Kurz darauf ermordete der Soldat Maurice Pilorge seinen Geliebten Escudero, um ihm etwas weniger als tausend Francs zu stehlen, dann schnitt man ihm zu seinem zwanzigsten Geburtstag den Hals durch, als er gerade, Ihr erinnert euch, dem wütenden Henker eine Nase drehte.

Ein Fähnrich zur See schließlich, ein Kind noch, verriet um zu verraten: man füsilierte ihn. Zu Ehren ihrer Verbrechen schreibe ich mein Buch.

Diese wunderbare Pracht schöner und düsterer Blüten erfuhr ich nur in Bruchstücken: auf einem Zeitungsausschnitt, durch eine beiläufige Erwähnung meines Anwalts oder durch die Sträflinge, die davon sprachen, sangen – einen phantastischen Trauergesang (ein De Profundis), wie die Klagelieder, die sie abends anstimmen, oder die Stimme, die durch die Zellen dringt, und verwirrt, verzweifelt, entstellt zu mir gelangt. Am Ende der Phrasen bricht sie, und dieser Sprung macht sie so sanft, als wäre sie von Engelsmusik getragen – doch davor graust mir; denn die Engel grausen mich, ich stelle sie mir so vor: weder Geist noch Materie, weiß, dunstförmig und erschreckend wie der durchsichtige Körper von Gespenstern.

[…]

Mit Hilfe meiner unbekannten Geliebten werde ich also eine Geschichte schreiben. Die dort an der Wand kleben, sind meine Helden – und ich, der Eingesperrte. Wenn Ihr weiterlest, werden die Personen, auch Divine und Culafroy, aus der Wand auf meine Seiten fallen wie welke Blätter, um meine Erzählung zu düngen. Ihr Tod – muß ich es noch sagen? Sie alle werden den Tod Weidmanns erleiden, der – als er durch das Schwurgericht von seinem erfuhr – sich begnügte, mit rheinländischem Akzent zu murmeln: „Darüber bin ich schon hinaus“ (Weidmann).

Es ist möglich, daß diese Geschichte nicht immer künstlich erscheint und daß man gegen meinen Willen die Stimme meines Blutes darin erkennt: dann bin ich nachts mit der Stirn gegen eine Tür gestoßen und habe mich von einer furchterregenden Erinnerung befreit, die mich seit Anbeginn der Welt verfolgt.
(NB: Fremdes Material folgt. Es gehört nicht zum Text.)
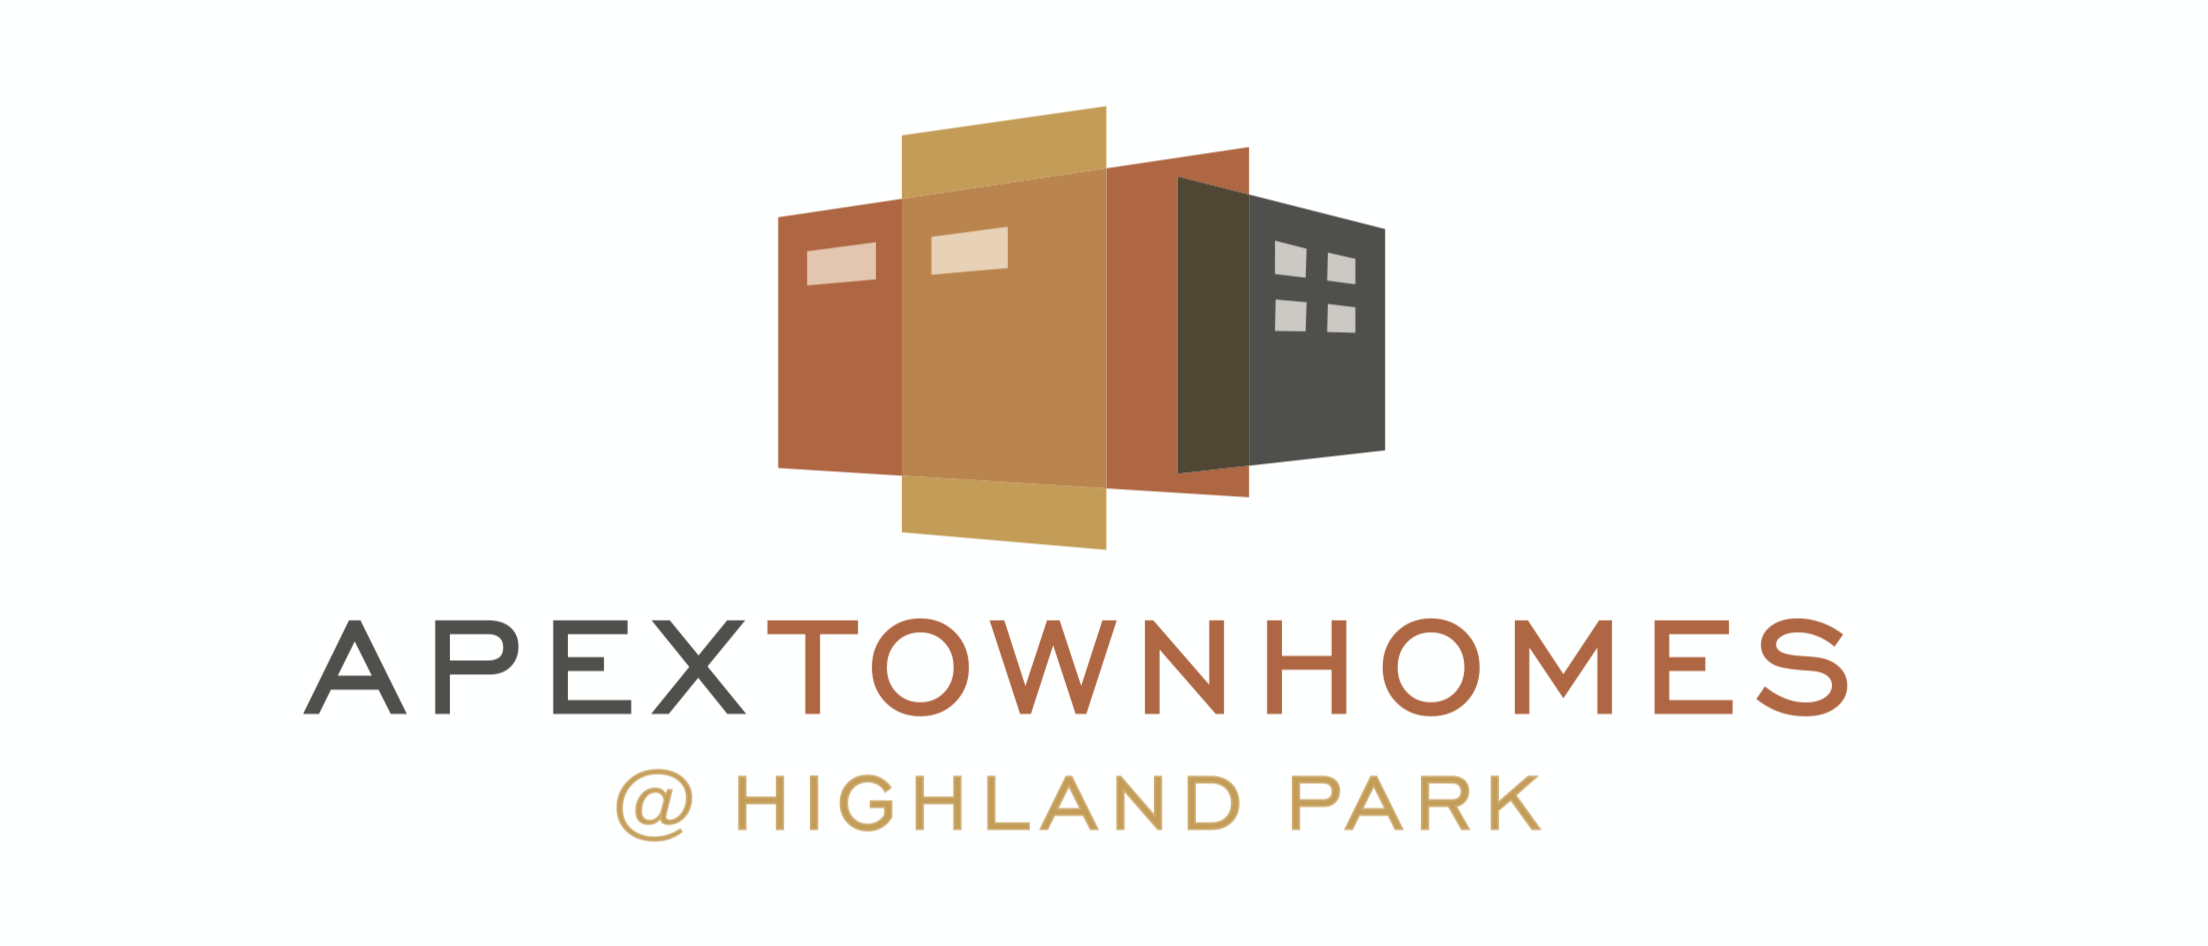 Apex Townhomes at Highland Park
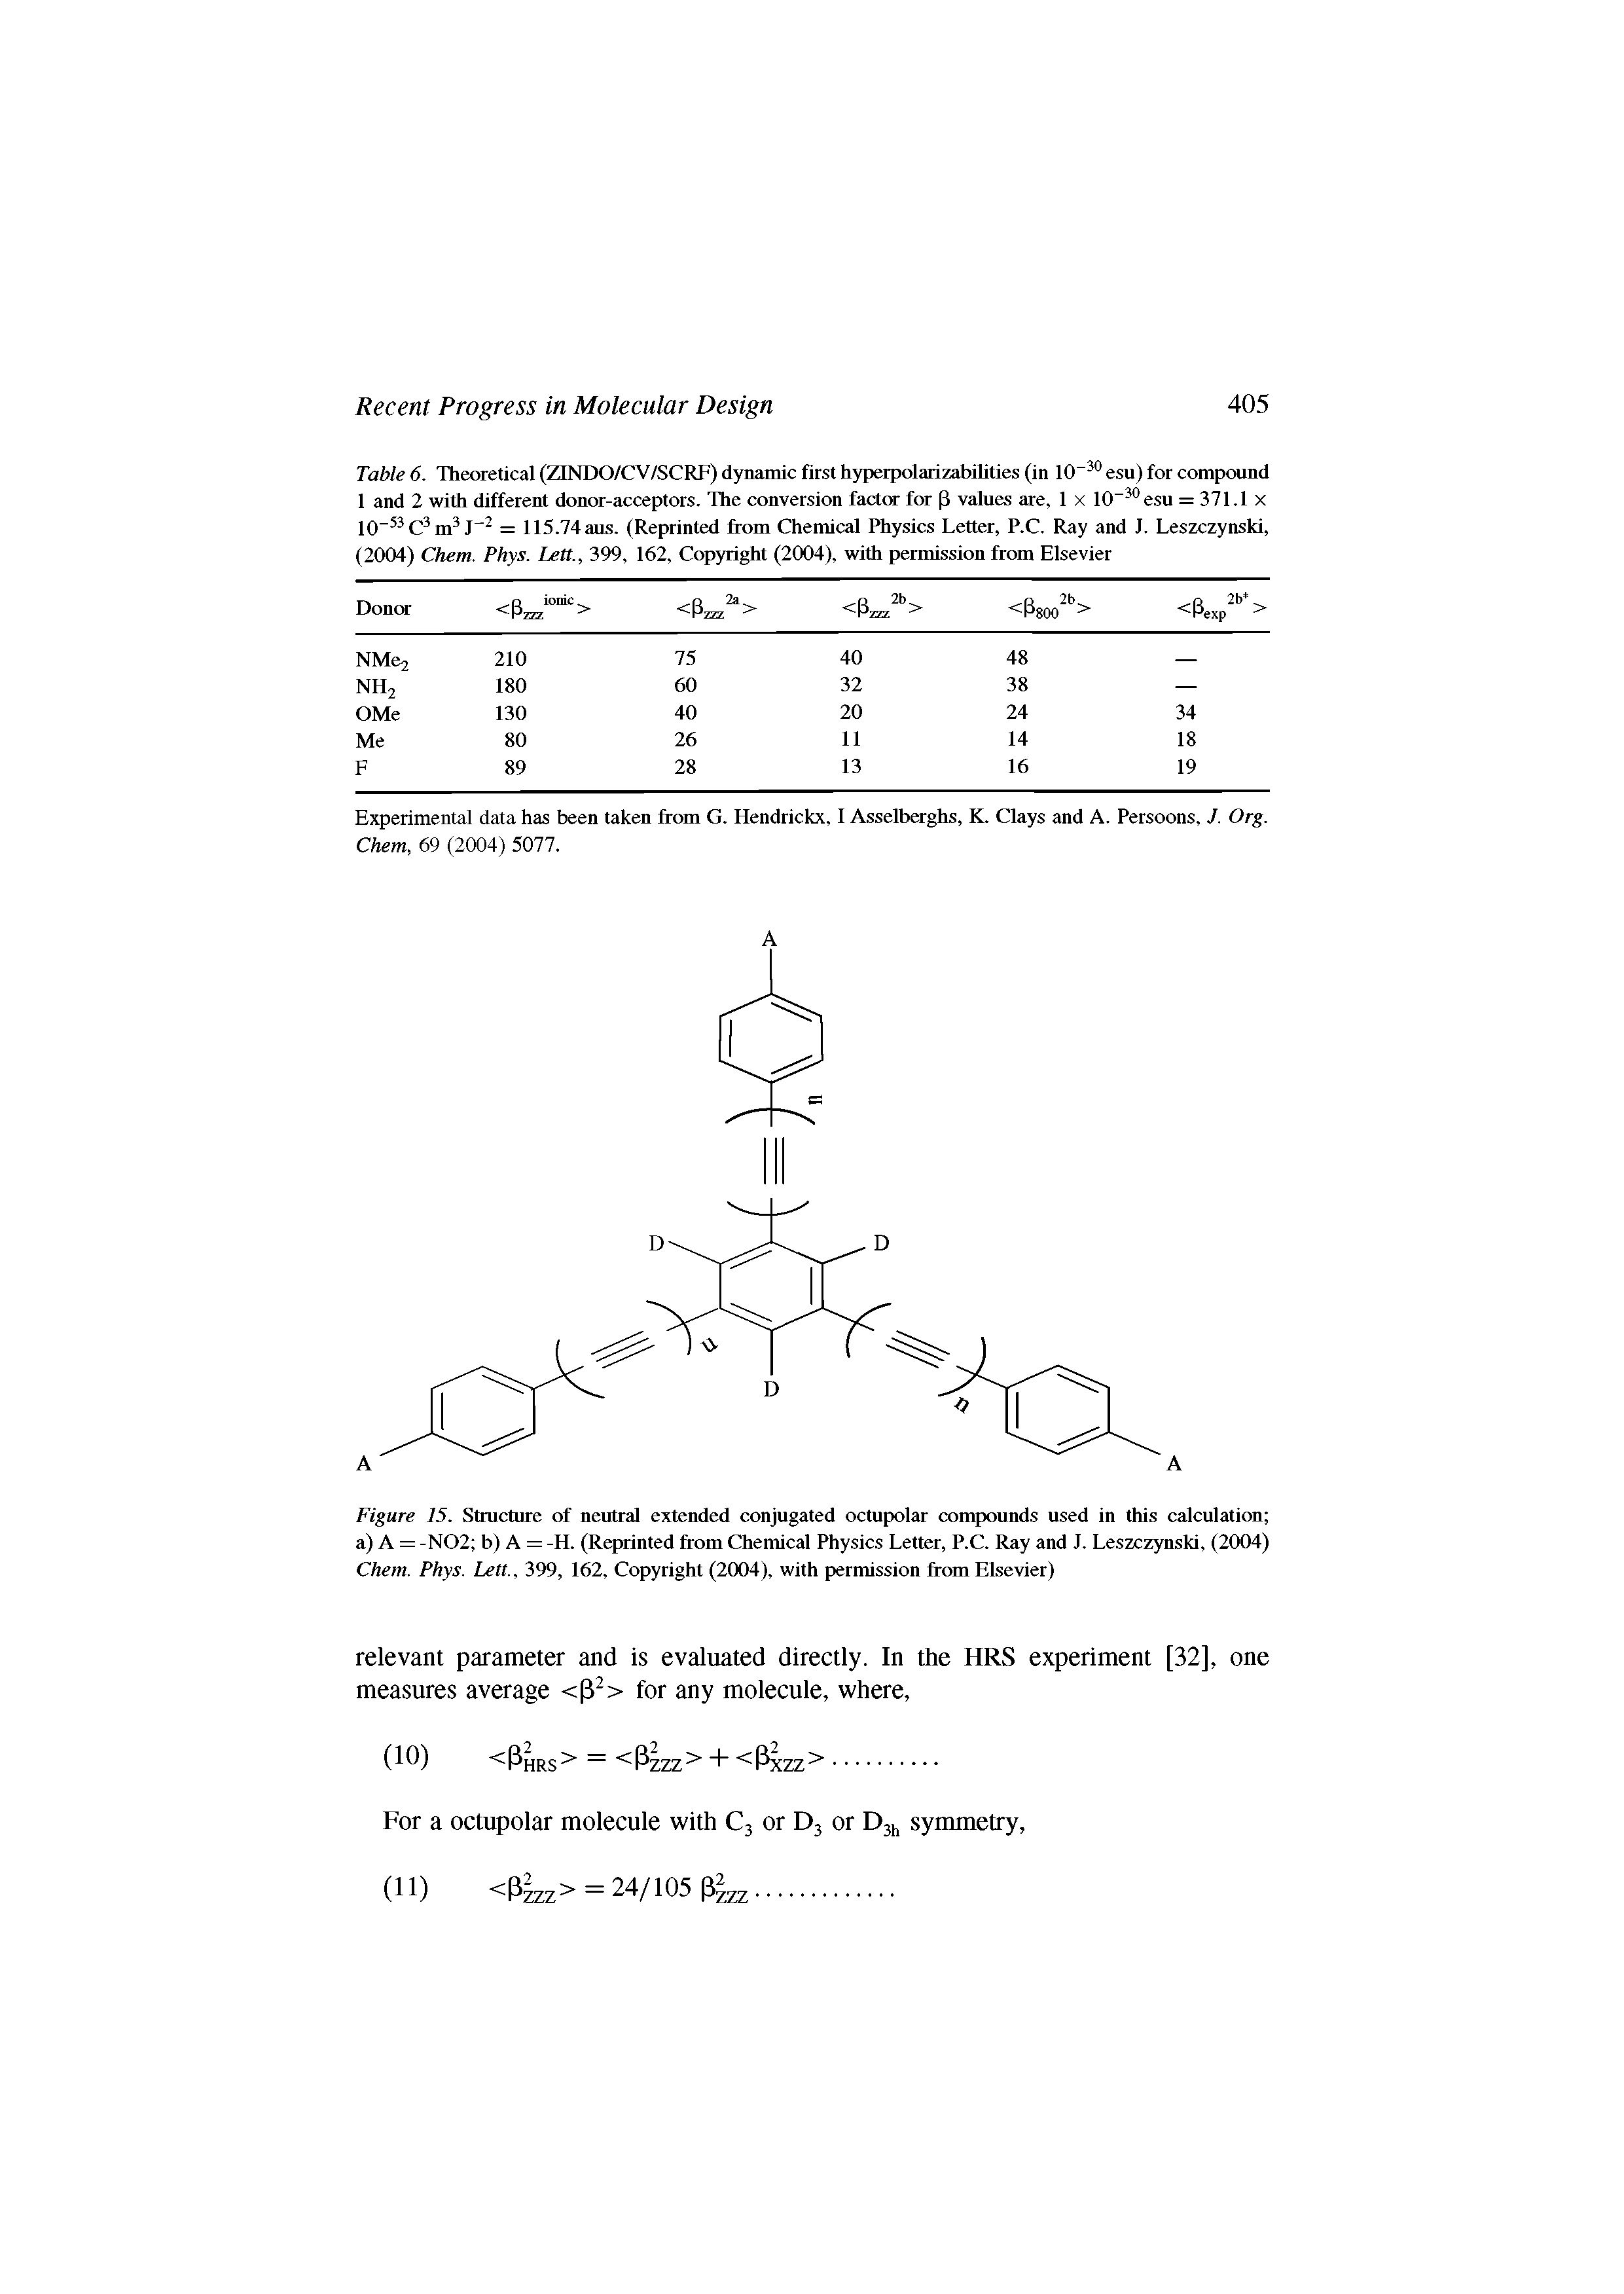 Figure 15. Structure of neutral extended conjugated octupolar compounds used in this calculation a) A = -NO2 b) A = -H. (Reprinted from Chemical Physics Letter, P.C. Ray and J. Leszczynski, (2004) Chem. Phys. Lett.. 399, 162, Copyright (2004), with permission from Elsevier)...

Vergebt mir. Dieses Buch soll nur eine Parzelle meines inneren Lebens sein.

[…]

Divine starb gestern in einer Lache von so rotem erbrochenem Blut, das sie sterbend – in einer letzten Täuschung – für ein sichtbares Gegenstück zu dem schwarzen Loch hielt, auf das die aufgeschlitzte Geige, in einem Gewirr von Beweisstücken, auf dem Tisch des Untersuchungsrichters mit dramatischer Inbrunst zeigte – so wie ein Jesus auf den vergoldeten Schanker deutet, in dem sein Geheiligtes Herz brennt. Das war die göttliche Seite ihres Todes. Für uns dagegen hatte ihr Tod die Bedeutung eines Mordes – wegen der Blutströme auf Hemd und Laken (die Sonne war in ihrem Bett untergegangen, auf den blutigen Laken, packend, nicht etwa perfide).

Divine starb als Heilige und ermordet (durch die Schwindsucht).27

Anschließend den Anfang von Das Wunder der Rose lesen, S. 223-224 [deutsch: a.a.O., S. 5-7].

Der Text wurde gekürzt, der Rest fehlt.